Short Data, Long Context: Distilling Positional Knowledge in Transformers

arXiv cs.CL / 4/8/2026

💬 OpinionSignals & Early TrendsIdeas & Deep AnalysisModels & Research

Key Points

  • The paper argues that models can acquire long-context retrieval abilities via logit-based knowledge distillation without expensive long-context pre-training, even when students train only on packed short-context samples.
  • It shows that phase-wise RoPE scaling (maximizing rotational spectrum usage at each training stage) yields the strongest long-context performance in distillation setups.
  • The authors demonstrate that positional information can be transferred directly through logit-based distillation, with positional perturbations propagating from query/key vectors through transformer layers to the teacher’s output distribution.
  • Their experiments using packed repeated token sequences trace how positional effects systematically shape the distillation signal and identify structured update patterns in query states during long-context extension.

Abstract

Extending the context window of language models typically requires expensive long-context pre-training, posing significant challenges for both training efficiency and data collection. In this paper, we present evidence that long-context retrieval capabilities can be transferred to student models through logit-based knowledge distillation, even when training exclusively on packed short-context samples within a long-context window.

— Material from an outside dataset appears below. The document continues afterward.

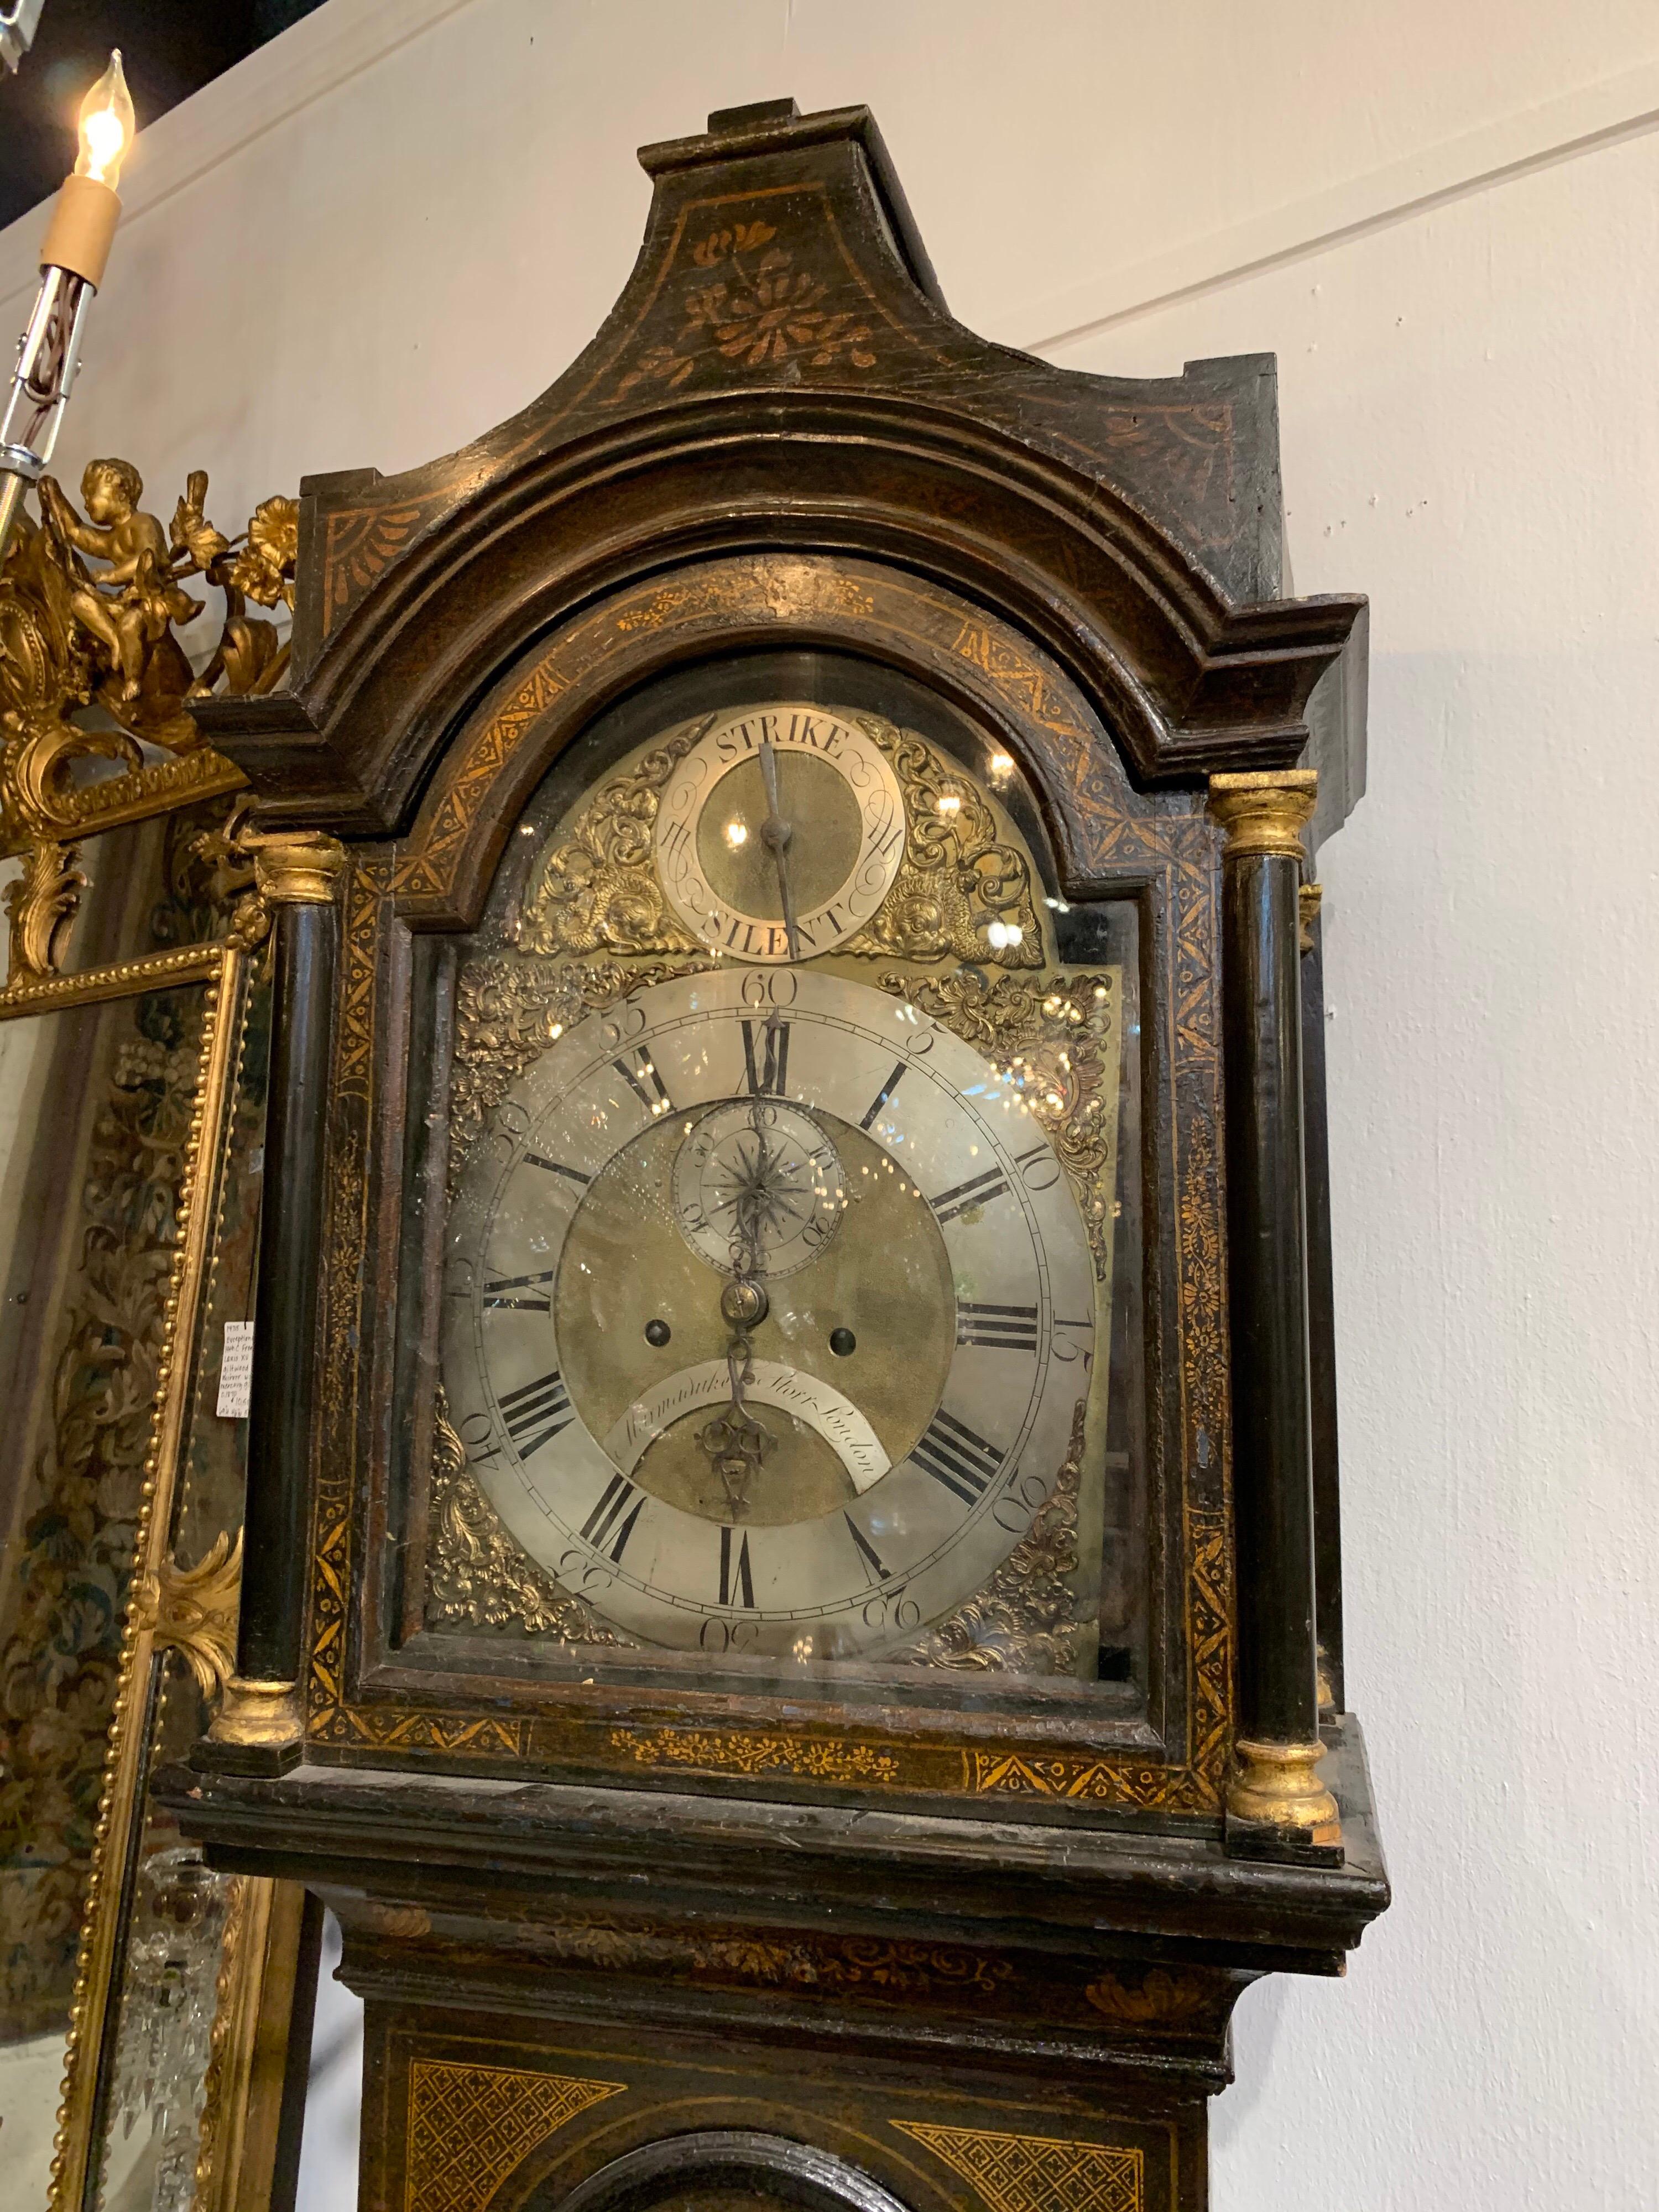 Beautiful 19th century English chinoiserie tall case clock. Lovely painted images on the piece and the face of the clock has a very pretty scrolling brass design.
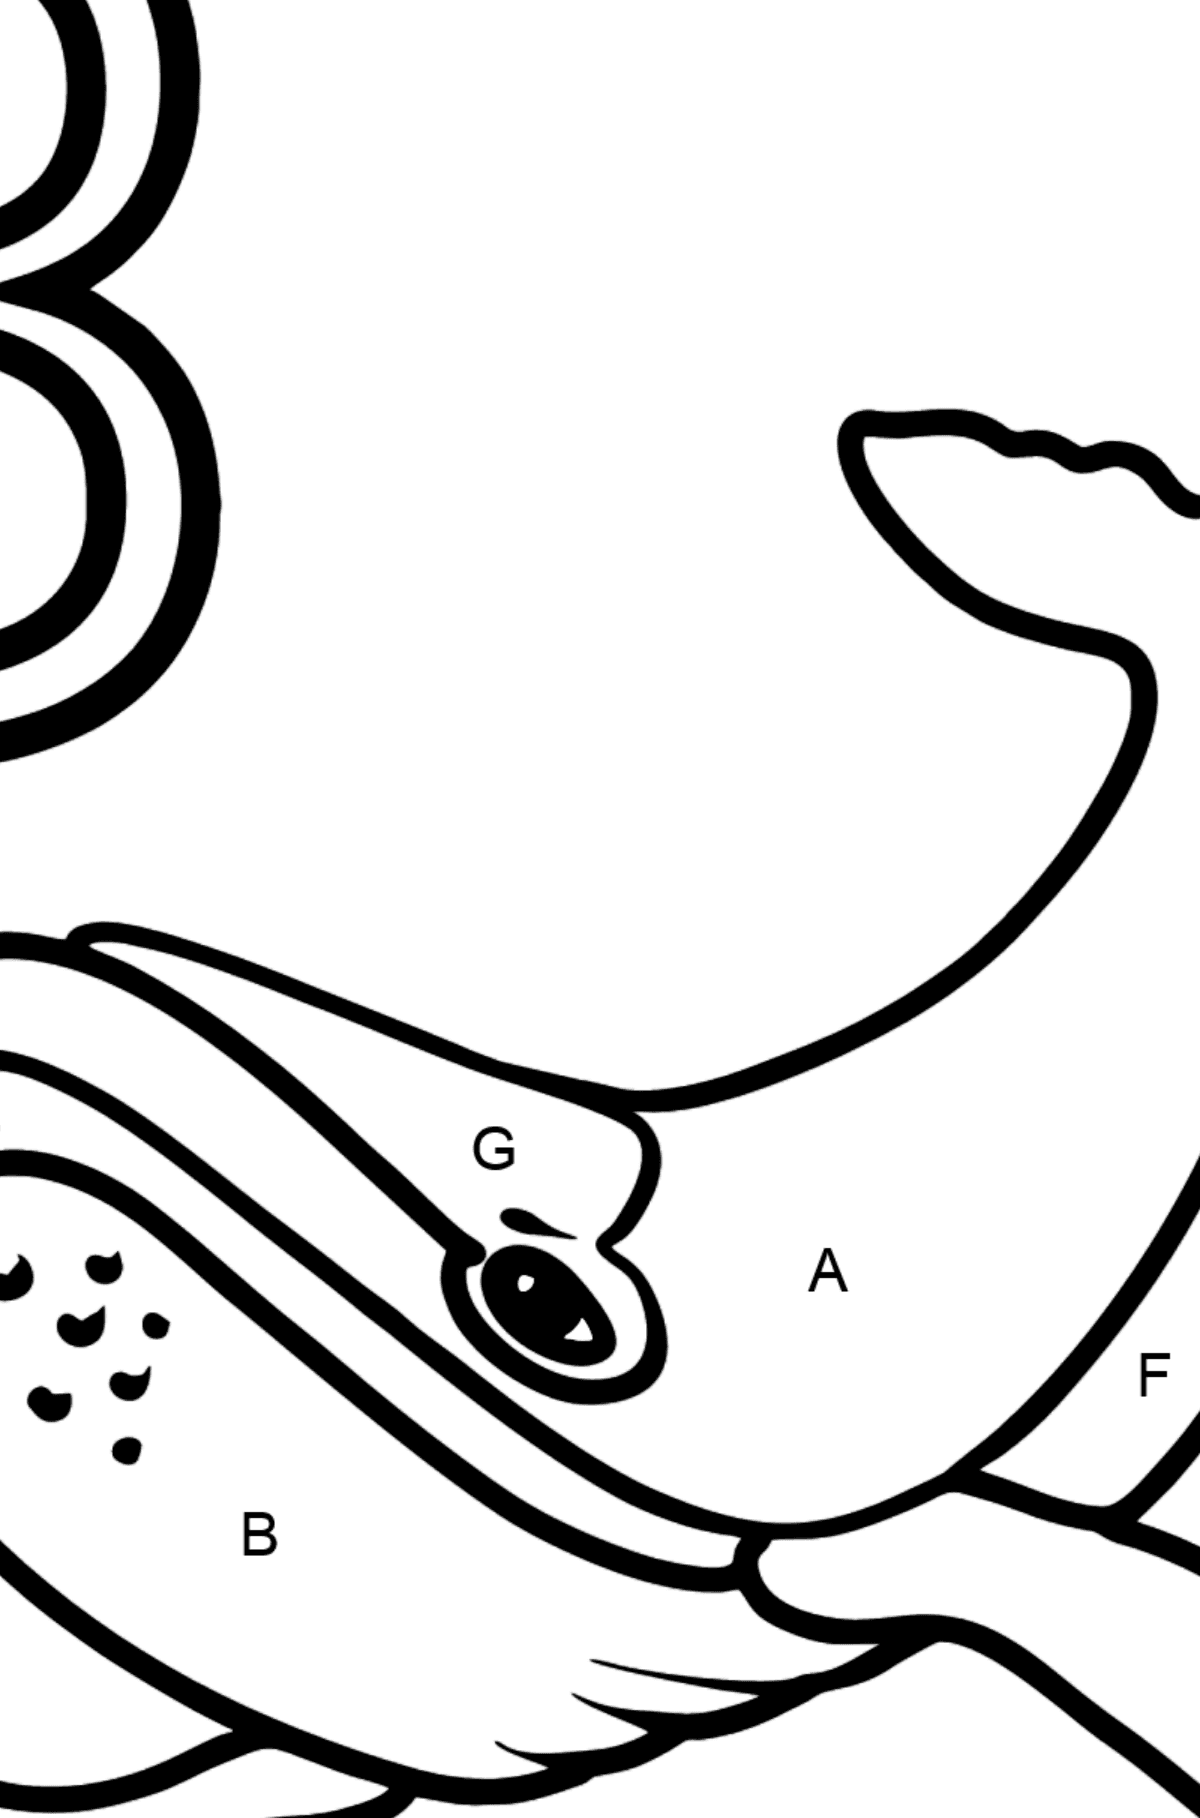 Spanish Letter B coloring pages - BALLENA - Coloring by Letters for Kids

We provide comprehensive insights through the lens of Rotary Position Embedding (RoPE) and establish three key findings. First, consistent with prior work, we show that phase-wise RoPE scaling, which maximizes rotational spectrum utilization at each training stage, also achieves the best long-context performance in knowledge distillation setups. Second, we demonstrate that logit-based knowledge distillation can directly enable positional information transfer. Using an experimental setup with packed repeated token sequences, we trace the propagation of positional perturbations from query and key vectors through successive transformer layers to output logits, revealing that positional information systematically influences the teacher's output distribution and, in turn, the distillation signal received by the student model. Third, our analysis uncovers structured update patterns in the query state during long-context extension, with distinct parameter spans exhibiting strong sensitivity to long-context training.